Under-18s to be BANNED from buying lottery scratchcards under plan to toughen up gambling laws
- Teenagers aged 16 to 17 will not be able to buy scratchcards under planned law
- ‘We need to be clear that gambling starts at 18’ says Sports Minister Mims Davies
- Davies did not rule out banning gambling firms from advertising on football kits
- The proposed laws are not intended to stop people having fun says Davies
Under 18s are set to be banned from buying scratchcards as part of a toughening up of anti-gambling laws.
Sports Minister Mims Davies said she wanted to act ‘soon’ to outlaw sales of the cards to teenagers aged 16 and 17.
The Eastleigh MP also did not rule out banning gambling firms from advertising on football club kits, saying a review of the gambling industry was ‘ongoing’ in an interview with The House magazine.
Scratchcards and lottery tickets on sale (stock photo)
Asked if she wanted the age limit on scratchcards to be lifted to 18 she told the magazine: ‘Yes. We need to be very clear that gambling starts at 18.
‘We are very clear that where people are connected to their communities and they want to support causes in appropriate ways – it’s not to stop people from having fun, but it’s also to protect those most vulnerable people.

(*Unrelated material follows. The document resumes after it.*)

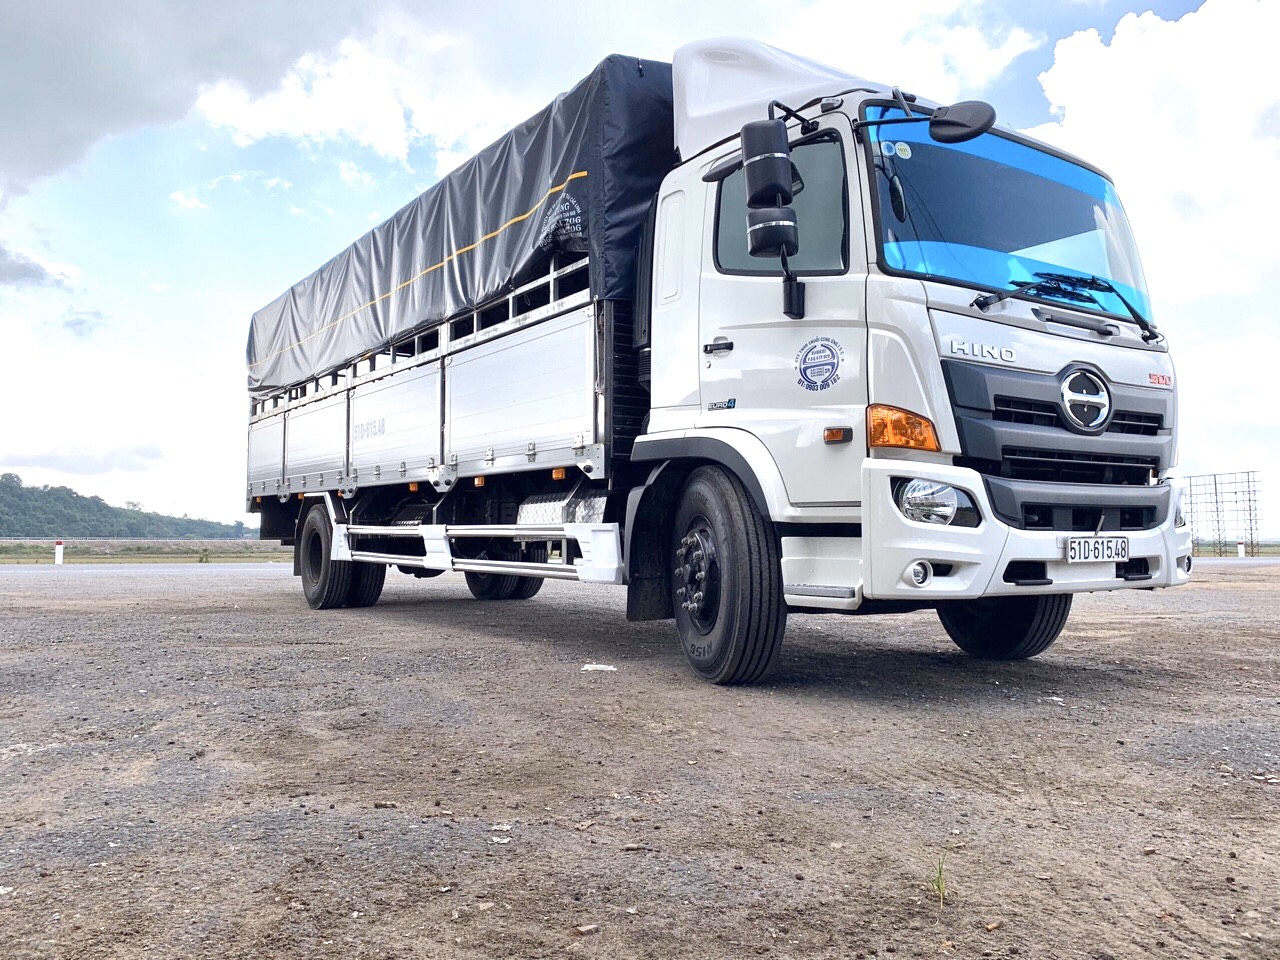 Xe tải Hino 8 tấn thùng mui bạt FG: Với thiết kế thùng xe mui bạt cao cấp, chiếc xe tải Hino 8 tấn thùng mui bạt FG này sẽ giúp bạn chuyên chở các loại hàng hóa đặc biệt dễ dàng hơn. Đặc biệt, sự tiết kiệm nhiên liệu của chiếc xe này sẽ giúp bạn tiết kiệm chi phí vận hành.

‘That’s where the Government needs to step in.’
Davies was appointed sports minister in November after her predecessor Tracey Crouch quit in protest over delays to the introduction of reduced stake limits on fixed odds betting terminals.

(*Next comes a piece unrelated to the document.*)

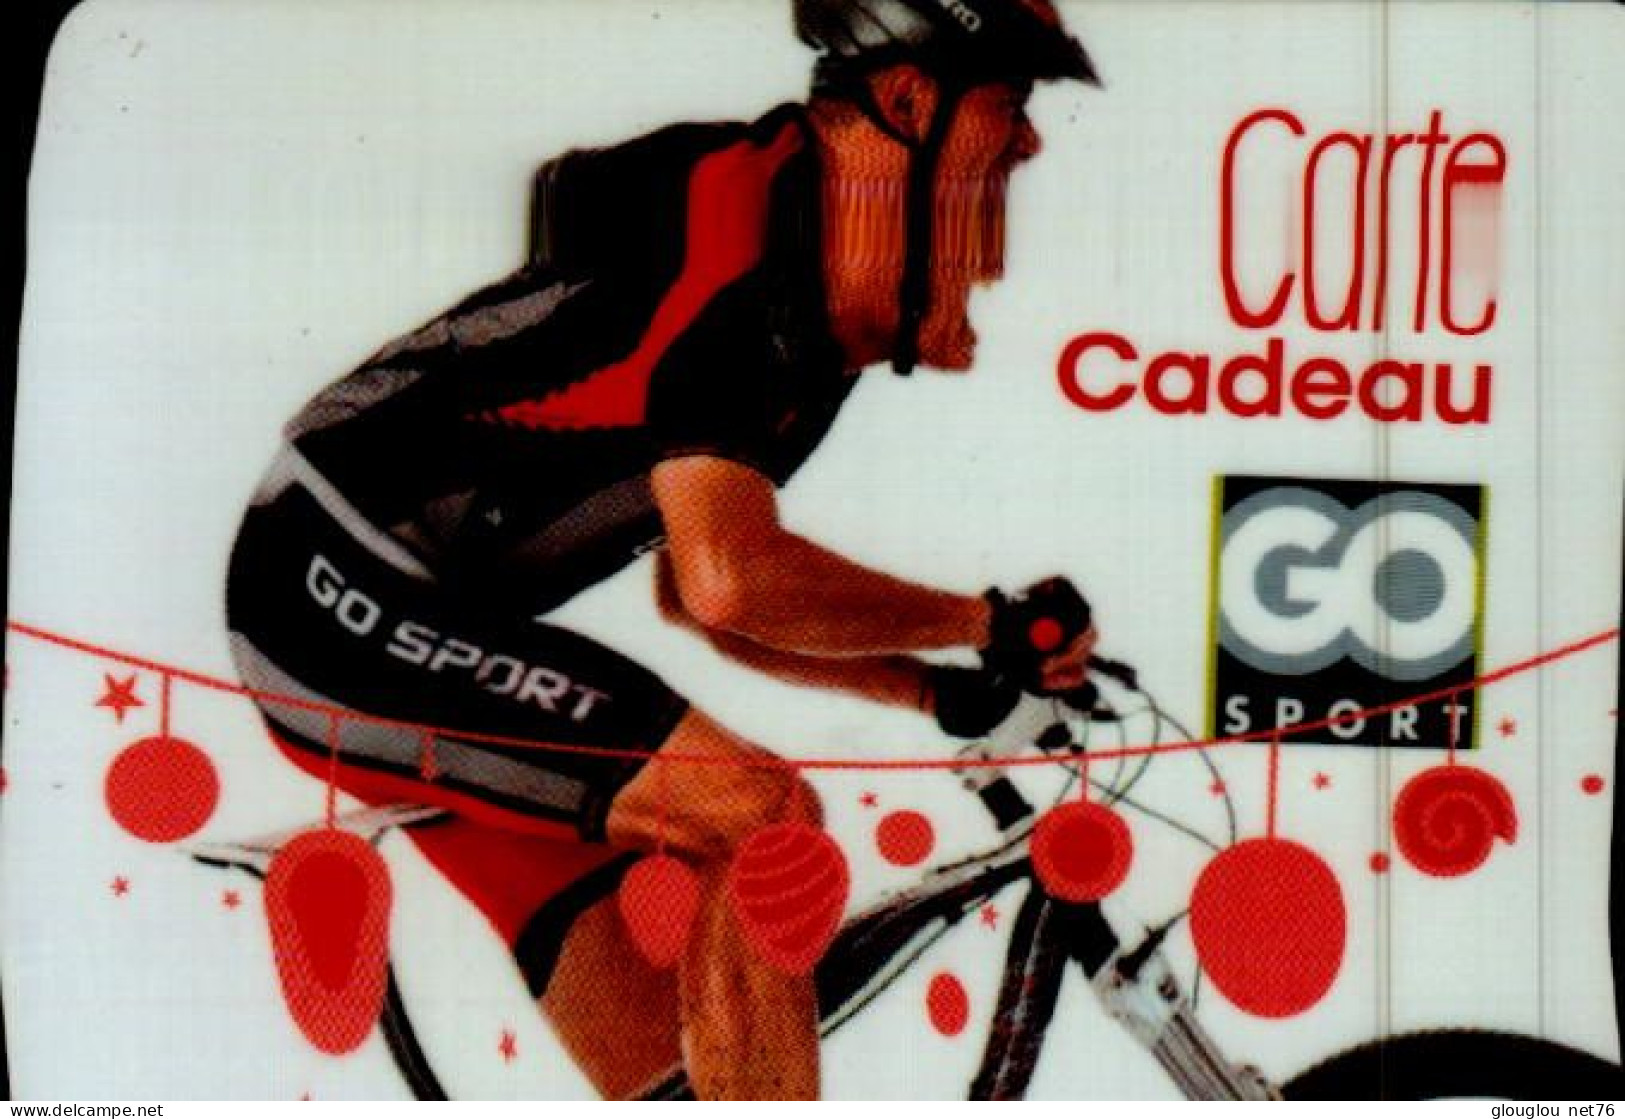 CARTE CADEAU...GO SPORT...CYCLISTE - Cartes De Fidélité Et Cadeau

A month after Crouch’s exit, the main British gambling firms agreed to introduce a ‘whistle-to-whistle’ ban on betting adverts in broadcasts of pre-watershed live sport.
That voluntary move followed a series of reports from academics and anti-gambling campaigners about the amount of betting-related messages that audiences receive during sports broadcasts and the expectation that the government was considering legislation on the matter.
Ms Davies warned that some professional sports had an ‘over reliance’ on gambling and needed to have strong ruled in place.
She said ‘those sports know who they are’, adding: ‘Sport needs to recognise what’s a healthy relationship between the type of sponsors that they’ve got. The FA, for example, have decided a particular sponsor wasn’t for them.
‘This is a matter for the football authorities as well. This is a matter for the Gambling Commission where they’re concerned about children.
‘If there is evidence, then the Government’s made no bones that we will act.
‘I’m pleased about that, and I will be at the forefront of that.’